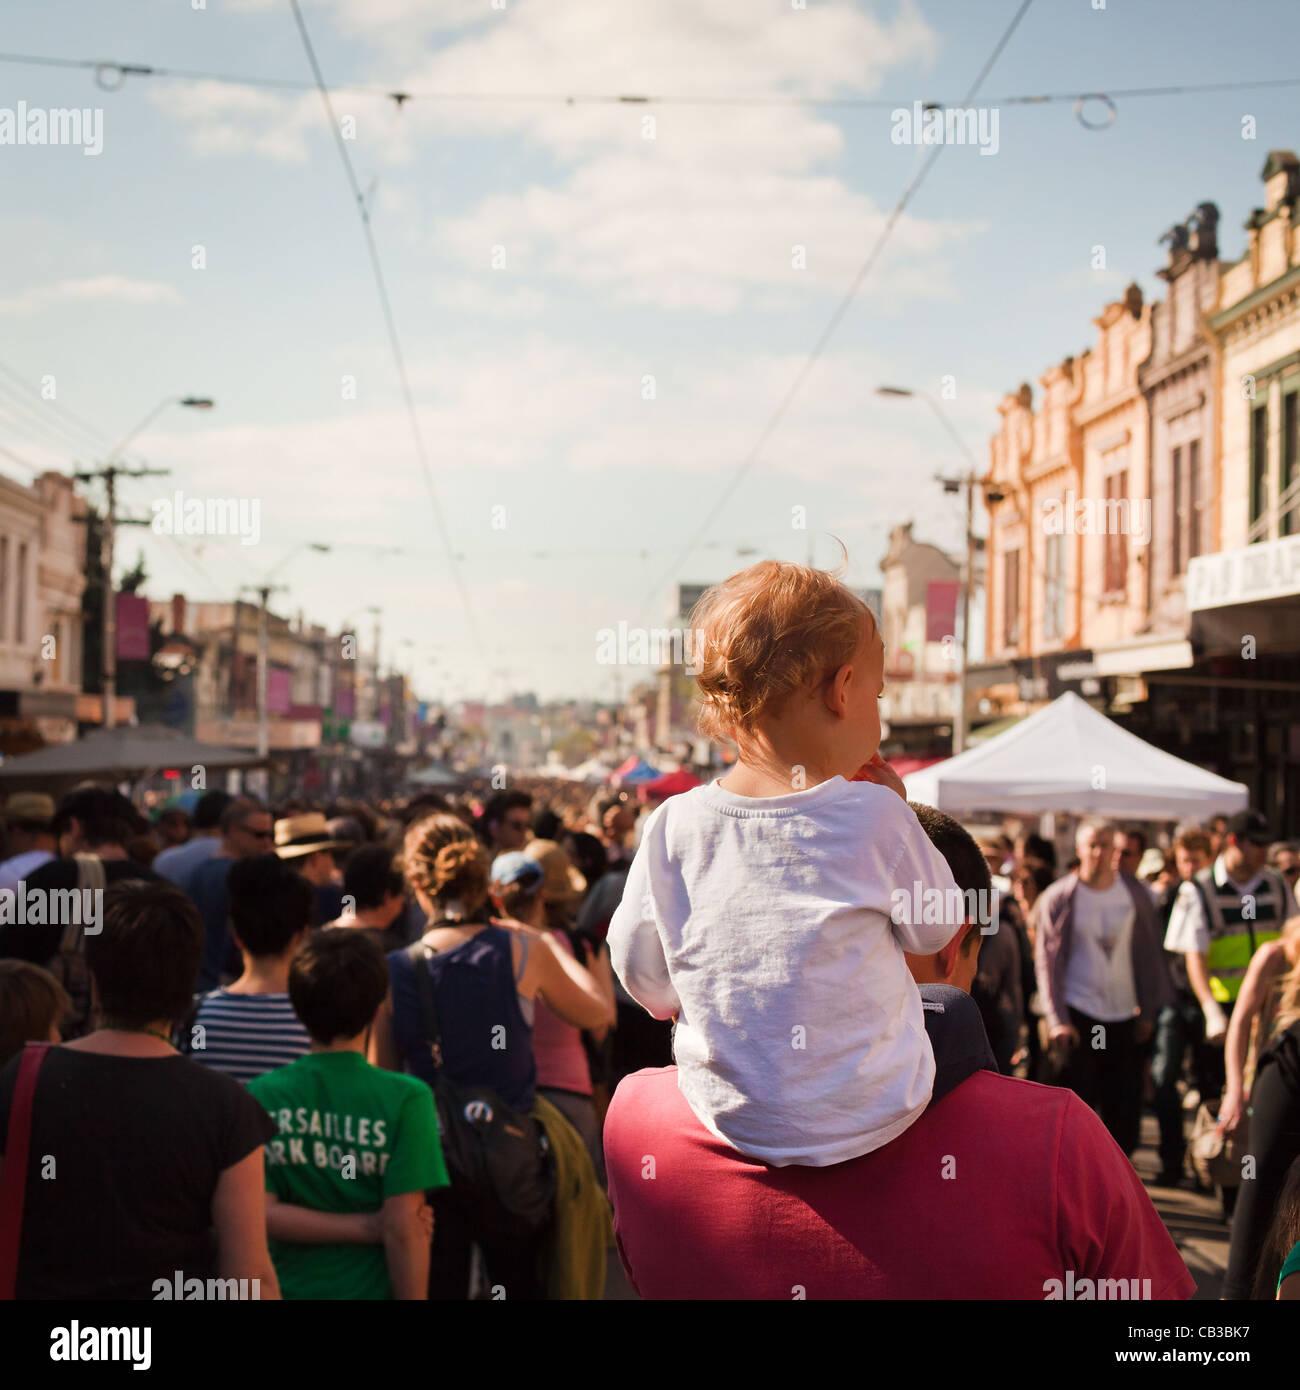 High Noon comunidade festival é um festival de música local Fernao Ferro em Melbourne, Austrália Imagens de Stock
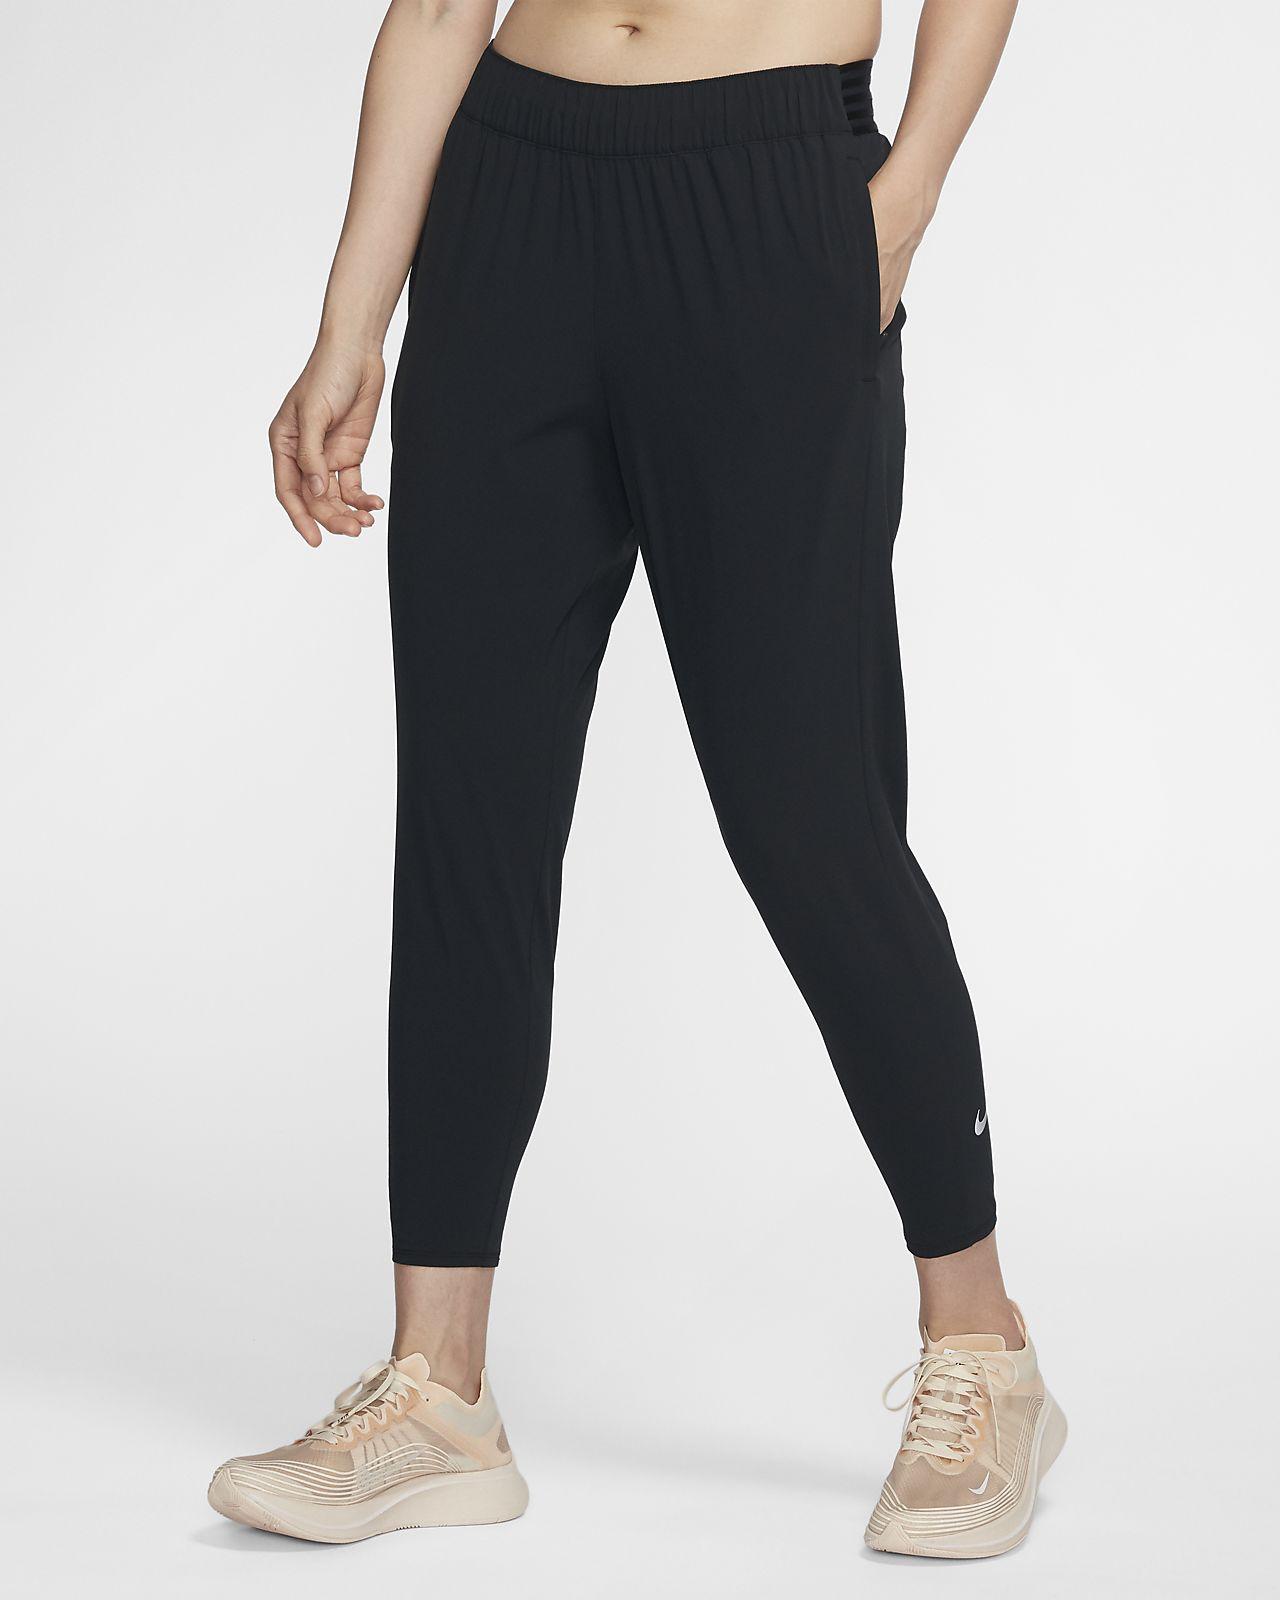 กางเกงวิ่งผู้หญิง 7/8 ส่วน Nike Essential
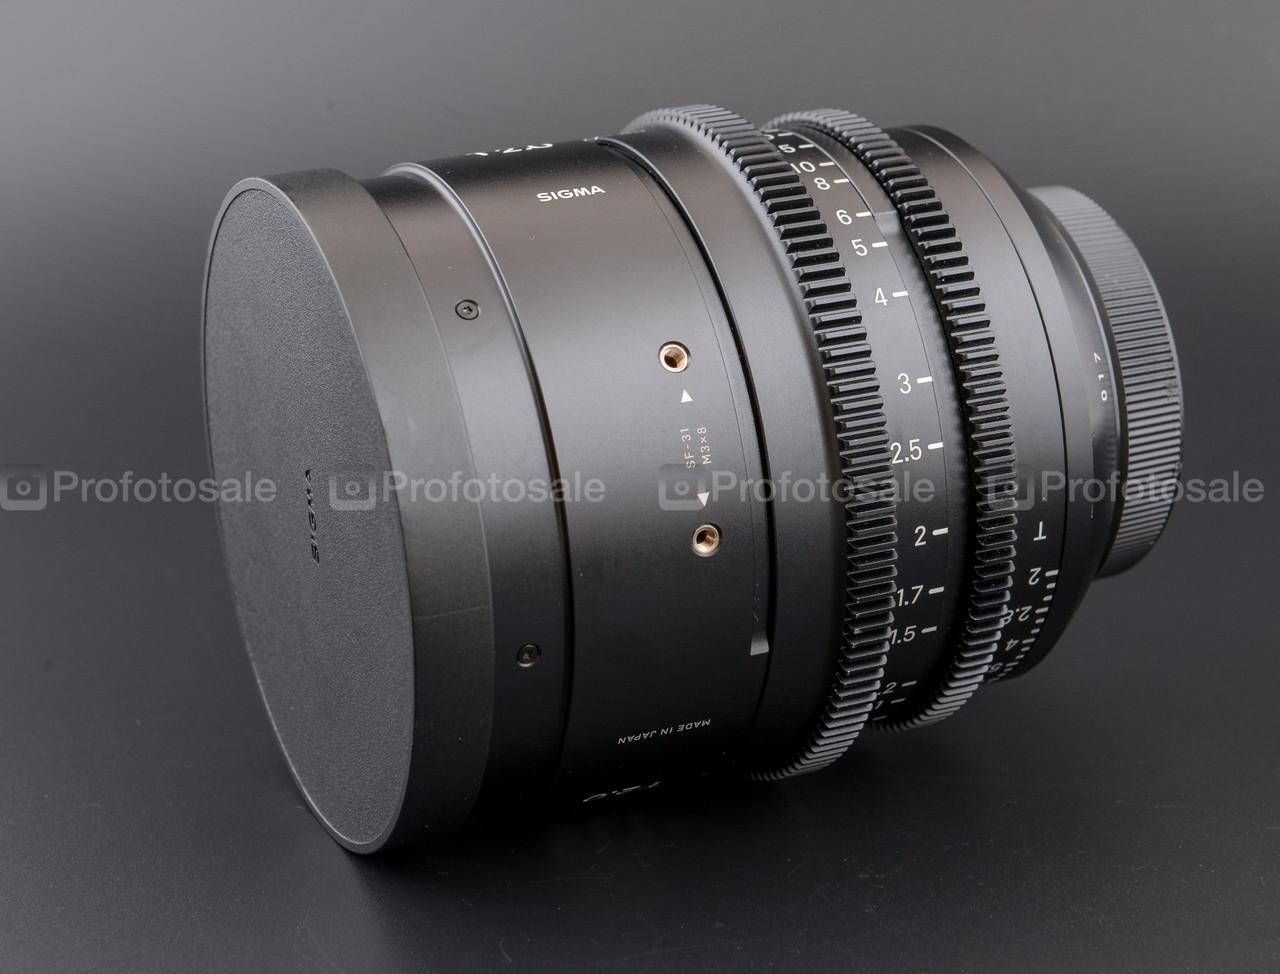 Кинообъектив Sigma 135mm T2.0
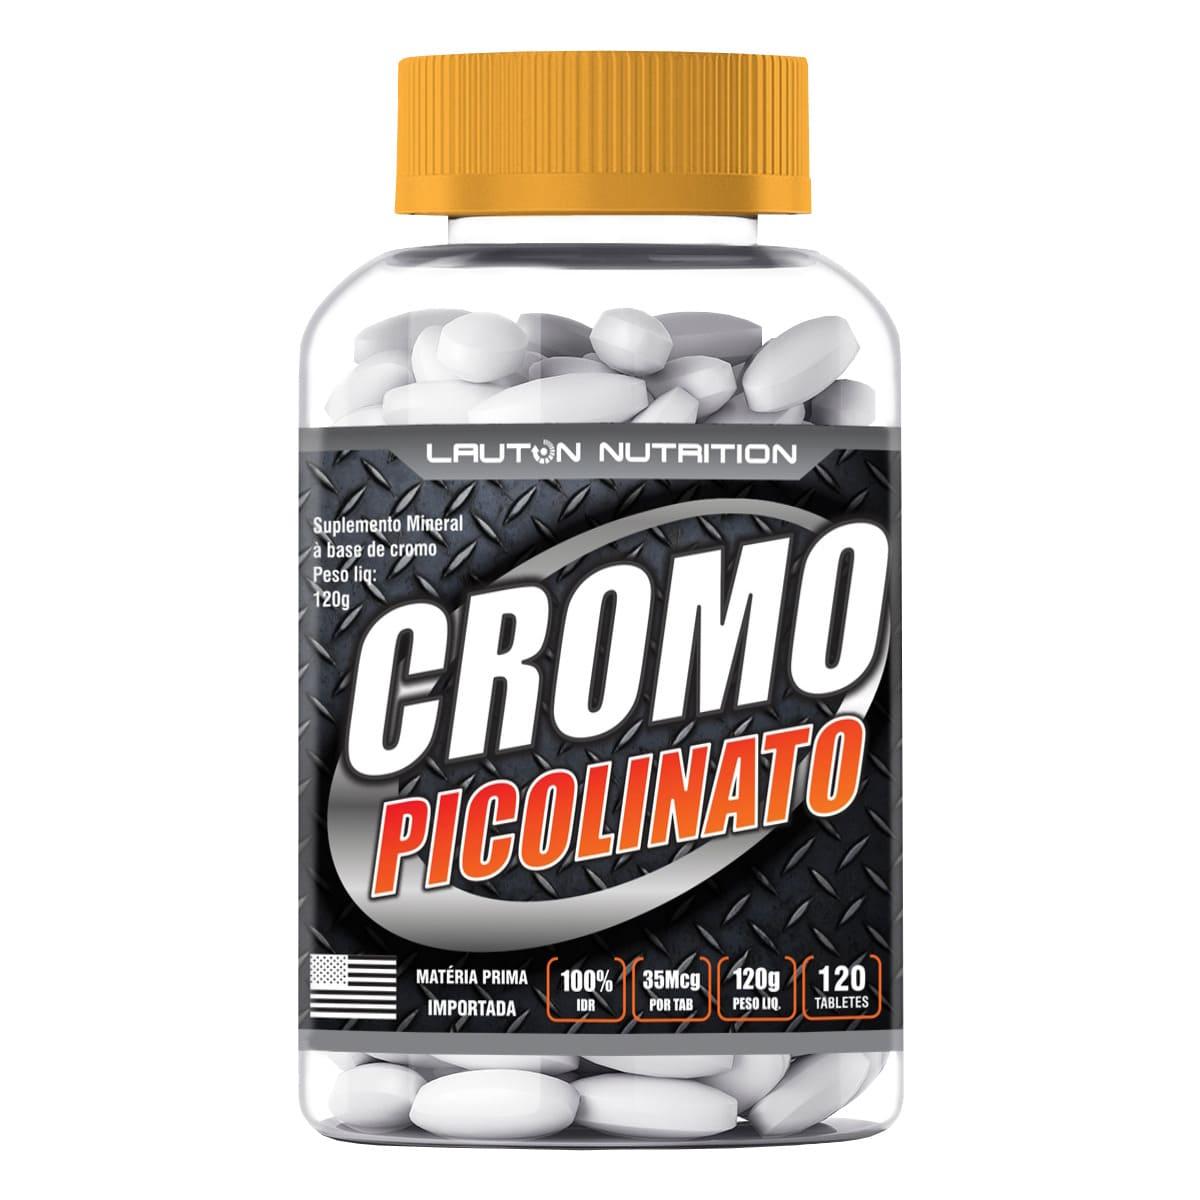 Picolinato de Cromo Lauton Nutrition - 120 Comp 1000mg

» Directions
An exact copy of the lines from the line containing "กางเกงวิ่งผู้หญิง 7/8 ส่วน Nike Essential" through the final line of the listing, without pictures, is the expected result.

» Exercise result
 กางเกงวิ่งผู้หญิง 7/8 ส่วน Nike Essential
 Кинообъектив Sigma 135mm T2.0
 Picolinato de Cromo Lauton Nutrition - 120 Comp 1000mg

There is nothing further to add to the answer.